The most effective treatment is the elimination of triggers. If frequent, it’s possible to use:
  • Medications
  • * Antiarrhythmics: these agents alter the electrophysiologic mechanisms responsible for PVCs. In CAST study of survivors of myocardial infarction encainide and flecainide, it was shown that, though those drugs could suppress PVC, they also increased the risk of death. However, while moricizine increased the death rate when used with diuretics, it reduced the frequency of deaths when it was used alone.

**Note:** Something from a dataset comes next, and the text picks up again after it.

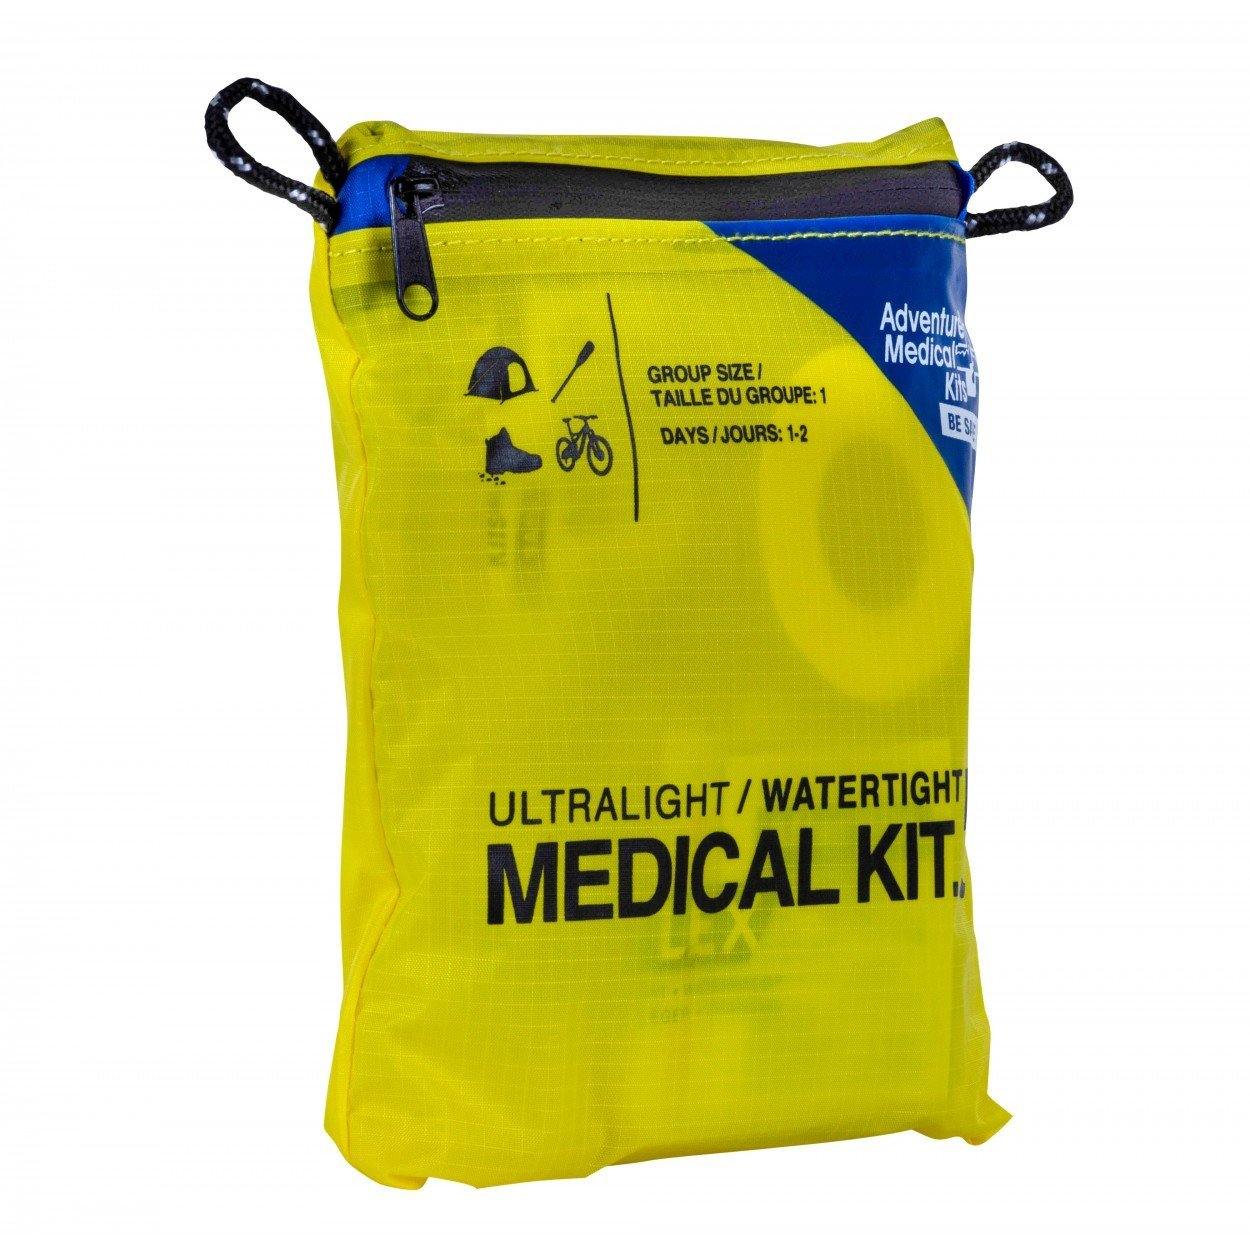 Adventure Medical Kit Ultralight .5 First Aid Kit

  • * Beta blockers: Reduce cardiac contractility which makes PVCs less obvious to a person; possibly reduce catecholamine induced PVCs due to adrenaline not reaching sinus node
  • * Calcium channel blockers
  • Electrolytes replacement
  • * Magnesium supplements
  • * Potassium supplements
  • Radiofrequency catheter ablation treatment. It is advised for people with ventricular dysfunction and/or tachyarrhythmia or very frequent PVC and normal ventricular function. This procedure is a way to destroy the area of the heart tissue that is causing the irregular contractions characteristic of PVCs using radio frequency energy.
  • Implantable cardioverter-defibrillator
  • Lifestyle modification
  • * Frequently stressed individuals should consider therapy, or joining a support group.